* **EXCERPTED DATA**:
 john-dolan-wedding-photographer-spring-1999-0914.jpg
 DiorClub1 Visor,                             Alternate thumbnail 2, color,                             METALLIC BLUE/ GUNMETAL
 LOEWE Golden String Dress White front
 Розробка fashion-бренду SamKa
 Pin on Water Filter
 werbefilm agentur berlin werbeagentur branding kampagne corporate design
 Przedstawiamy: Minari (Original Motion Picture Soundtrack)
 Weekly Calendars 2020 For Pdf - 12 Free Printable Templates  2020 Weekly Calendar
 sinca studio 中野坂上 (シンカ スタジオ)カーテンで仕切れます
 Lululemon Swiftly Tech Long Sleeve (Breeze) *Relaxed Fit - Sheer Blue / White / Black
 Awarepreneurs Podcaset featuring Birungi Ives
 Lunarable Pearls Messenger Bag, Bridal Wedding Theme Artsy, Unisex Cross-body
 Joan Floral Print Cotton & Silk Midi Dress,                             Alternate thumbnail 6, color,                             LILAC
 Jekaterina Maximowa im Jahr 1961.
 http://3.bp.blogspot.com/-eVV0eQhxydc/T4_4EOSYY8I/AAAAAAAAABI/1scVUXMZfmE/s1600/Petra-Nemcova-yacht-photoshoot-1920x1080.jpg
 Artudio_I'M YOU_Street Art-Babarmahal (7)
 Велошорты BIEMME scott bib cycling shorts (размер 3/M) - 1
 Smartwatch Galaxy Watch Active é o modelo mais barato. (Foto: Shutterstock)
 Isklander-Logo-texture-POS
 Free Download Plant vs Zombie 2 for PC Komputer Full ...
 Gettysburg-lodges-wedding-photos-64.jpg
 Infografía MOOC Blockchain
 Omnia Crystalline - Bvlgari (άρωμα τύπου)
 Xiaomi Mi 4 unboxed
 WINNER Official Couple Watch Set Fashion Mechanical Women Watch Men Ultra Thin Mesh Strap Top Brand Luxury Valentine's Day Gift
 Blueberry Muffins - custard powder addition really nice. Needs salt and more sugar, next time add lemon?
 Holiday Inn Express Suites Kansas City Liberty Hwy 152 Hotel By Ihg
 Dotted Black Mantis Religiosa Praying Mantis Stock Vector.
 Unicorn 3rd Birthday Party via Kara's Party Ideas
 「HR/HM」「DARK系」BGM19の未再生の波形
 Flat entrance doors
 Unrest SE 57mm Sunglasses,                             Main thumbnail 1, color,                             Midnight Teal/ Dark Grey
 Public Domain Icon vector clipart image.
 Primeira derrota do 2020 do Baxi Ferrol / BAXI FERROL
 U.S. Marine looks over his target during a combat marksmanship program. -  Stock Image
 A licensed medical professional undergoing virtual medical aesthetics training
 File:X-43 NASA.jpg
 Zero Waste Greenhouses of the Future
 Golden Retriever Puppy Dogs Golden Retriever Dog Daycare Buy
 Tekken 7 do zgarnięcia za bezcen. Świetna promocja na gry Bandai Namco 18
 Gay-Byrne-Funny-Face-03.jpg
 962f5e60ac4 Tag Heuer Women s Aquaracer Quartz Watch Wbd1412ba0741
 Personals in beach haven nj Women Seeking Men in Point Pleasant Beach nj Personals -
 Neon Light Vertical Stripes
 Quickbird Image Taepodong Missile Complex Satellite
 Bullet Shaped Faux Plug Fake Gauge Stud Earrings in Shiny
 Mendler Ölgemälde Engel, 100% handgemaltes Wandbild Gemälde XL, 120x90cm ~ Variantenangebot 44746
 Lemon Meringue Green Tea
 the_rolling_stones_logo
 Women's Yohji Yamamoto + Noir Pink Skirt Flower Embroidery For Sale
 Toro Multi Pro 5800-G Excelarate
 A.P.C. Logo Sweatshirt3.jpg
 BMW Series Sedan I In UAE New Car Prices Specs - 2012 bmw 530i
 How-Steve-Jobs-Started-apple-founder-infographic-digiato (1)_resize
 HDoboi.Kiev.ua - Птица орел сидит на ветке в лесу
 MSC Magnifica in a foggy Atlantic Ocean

* **ACTIVITY**: All that belongs in your answer is the stretch of entries above from the line with "werbefilm agentur berlin" through the line with "Joan Floral Print", printed exactly.

* **RESPONSE FOR THIS EXERCISE**:
 werbefilm agentur berlin werbeagentur branding kampagne corporate design
 Przedstawiamy: Minari (Original Motion Picture Soundtrack)
 Weekly Calendars 2020 For Pdf - 12 Free Printable Templates  2020 Weekly Calendar
 sinca studio 中野坂上 (シンカ スタジオ)カーテンで仕切れます
 Lululemon Swiftly Tech Long Sleeve (Breeze) *Relaxed Fit - Sheer Blue / White / Black
 Awarepreneurs Podcaset featuring Birungi Ives
 Lunarable Pearls Messenger Bag, Bridal Wedding Theme Artsy, Unisex Cross-body
 Joan Floral Print Cotton & Silk Midi Dress,                             Alternate thumbnail 6, color,                             LILAC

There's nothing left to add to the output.